# What the task requires
Everything from the line containing "Yoplait Greek Taste-off #sponsored" through the final line below must be output exactly, both ends included, with nothing else and no pictures.

# Provided material
◆ ◆ ◆
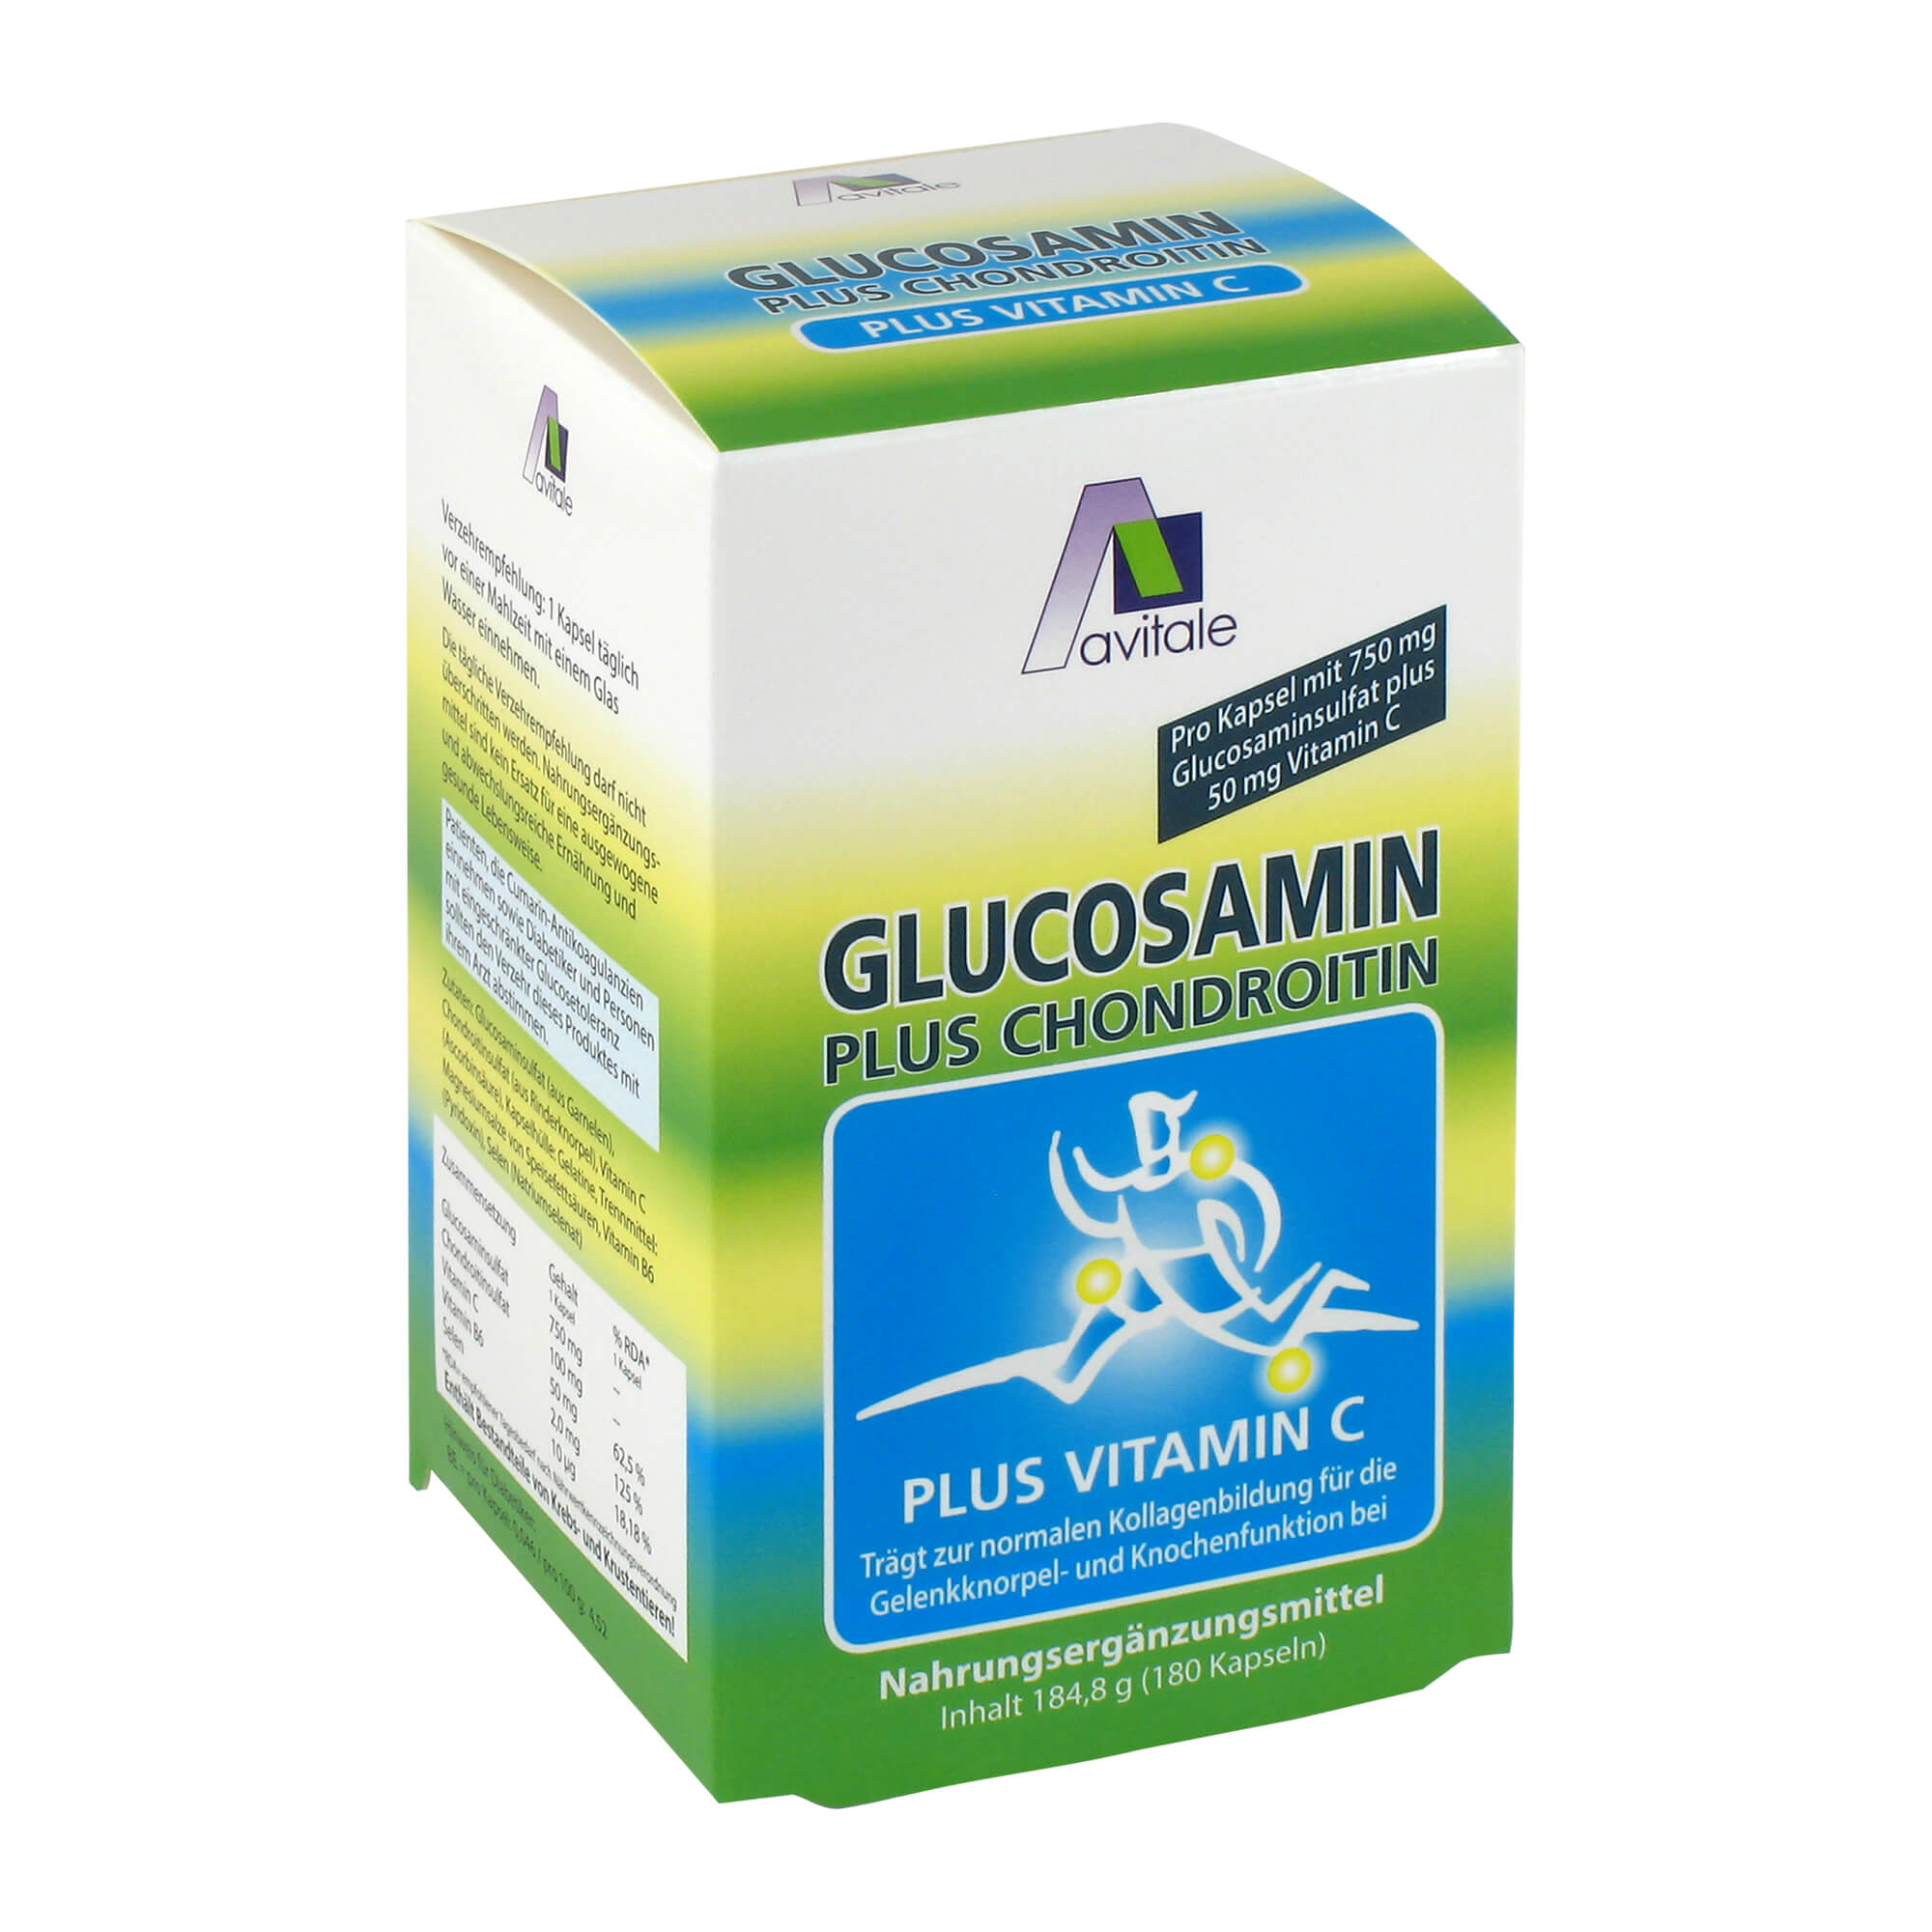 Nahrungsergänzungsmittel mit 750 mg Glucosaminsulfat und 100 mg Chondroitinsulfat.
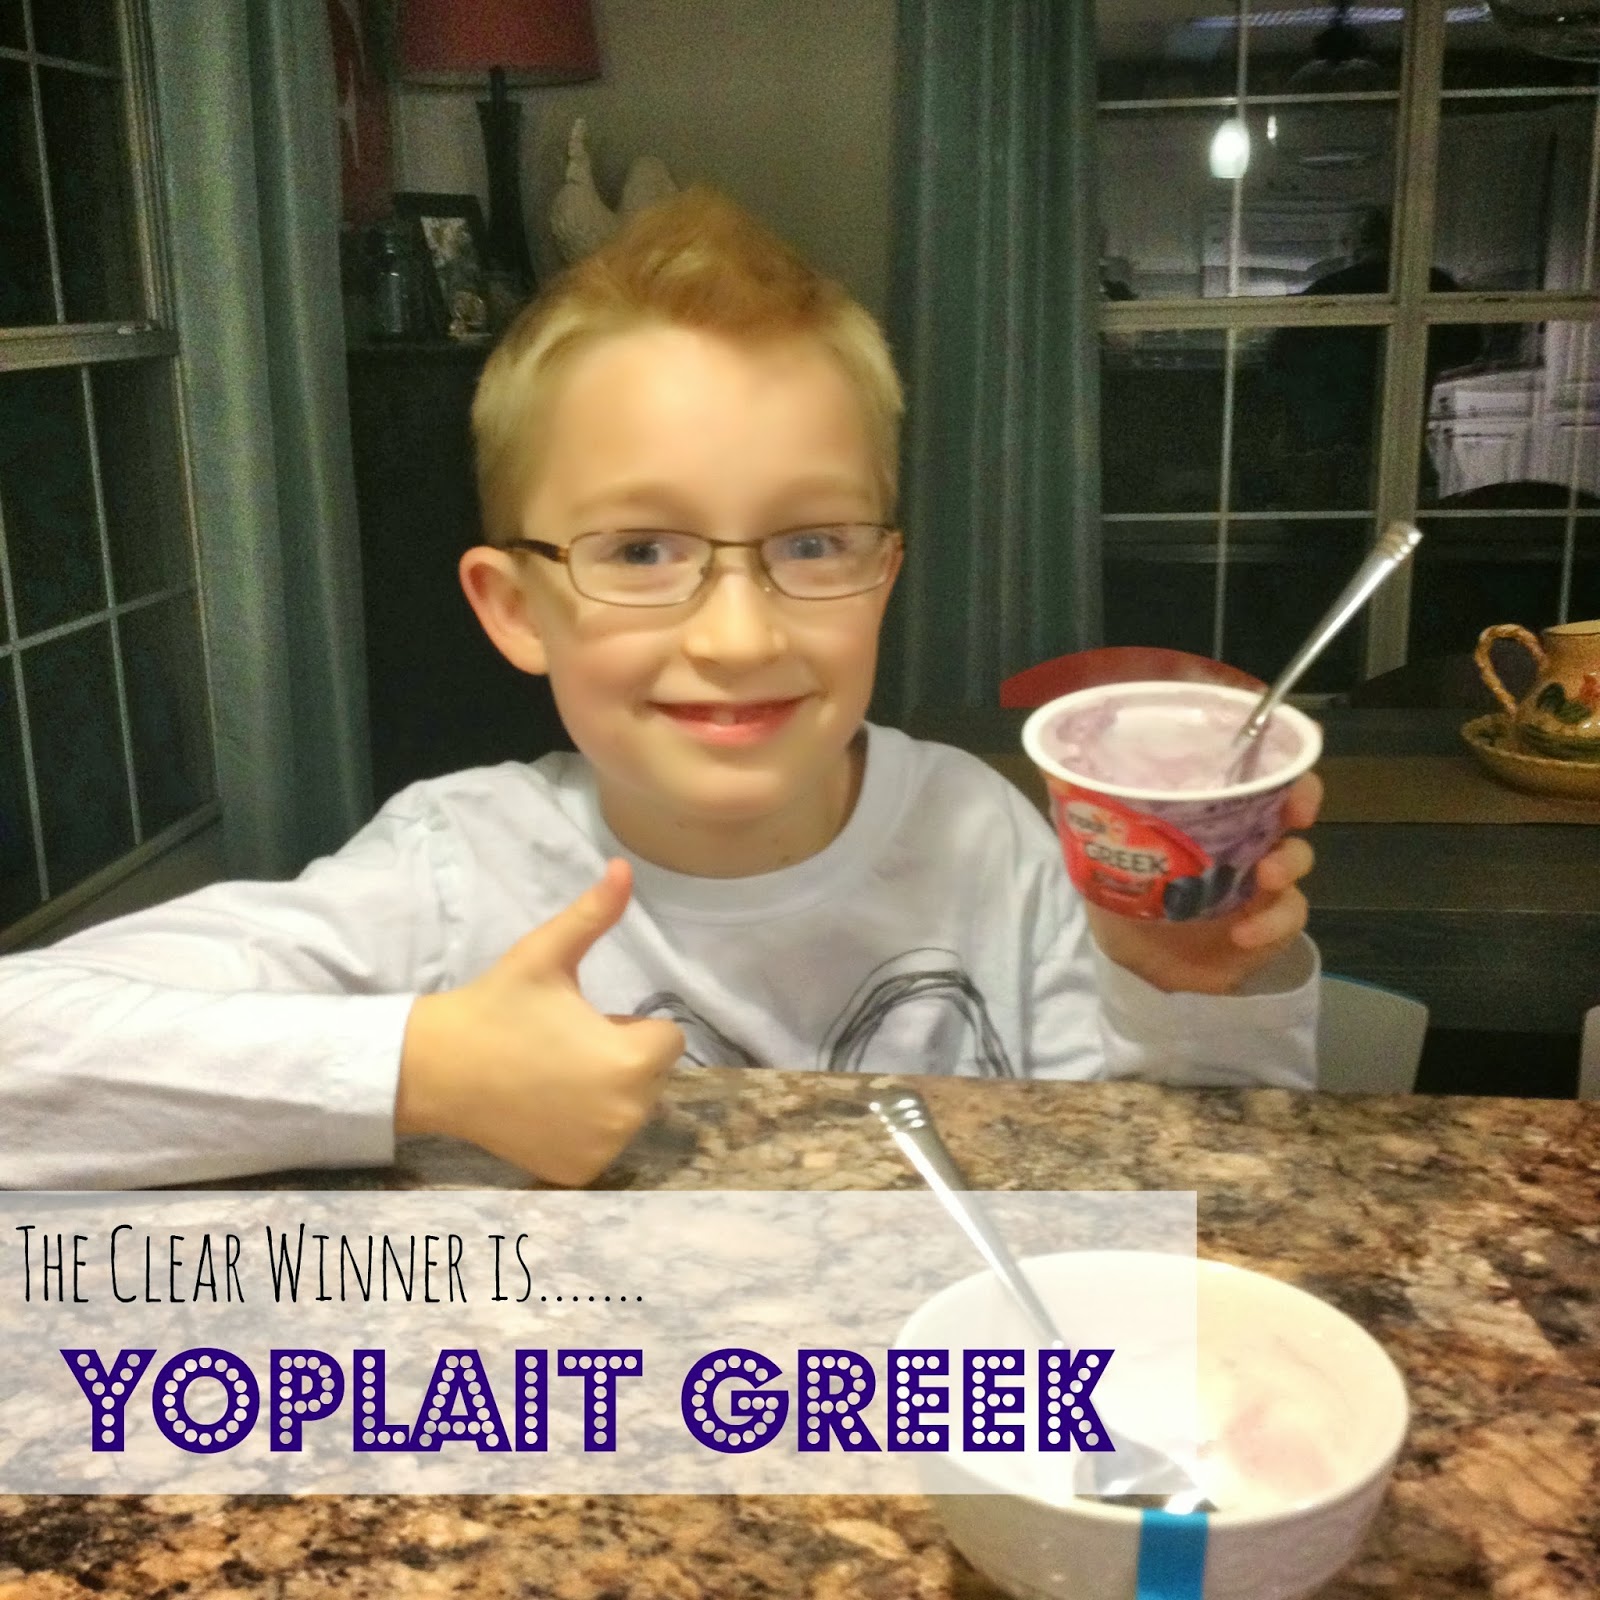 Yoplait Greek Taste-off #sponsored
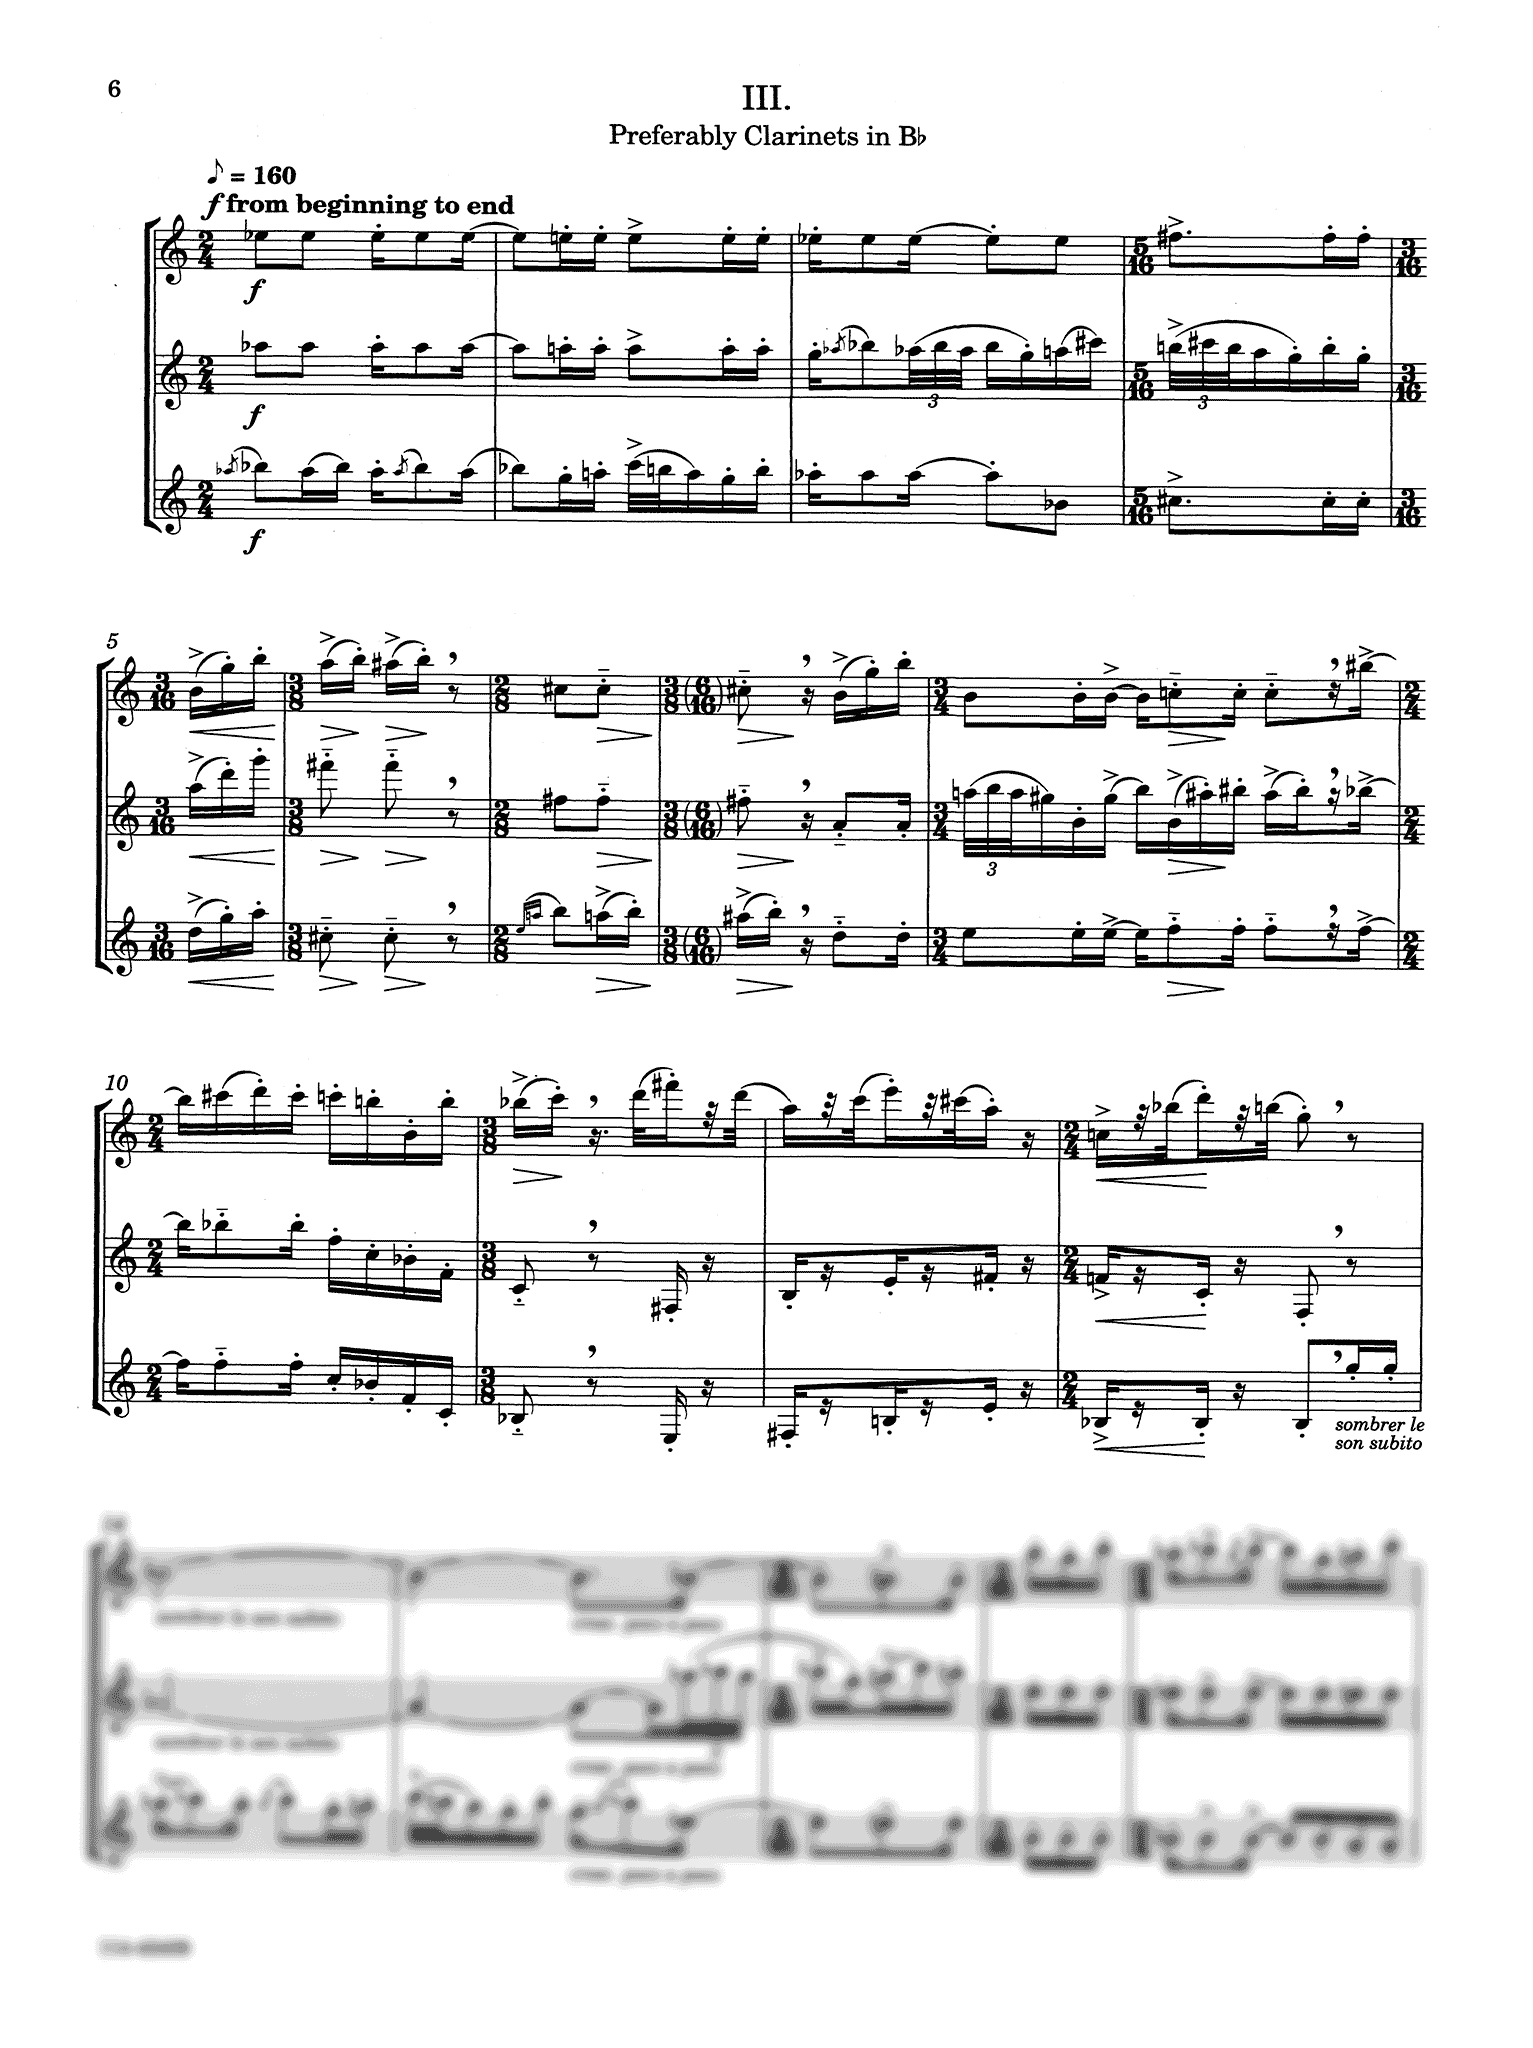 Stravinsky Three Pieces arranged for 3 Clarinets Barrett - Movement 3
◆ ◆ ◆
# Your solution
 Yoplait Greek Taste-off #sponsored
 Stravinsky Three Pieces arranged for 3 Clarinets Barrett - Movement 3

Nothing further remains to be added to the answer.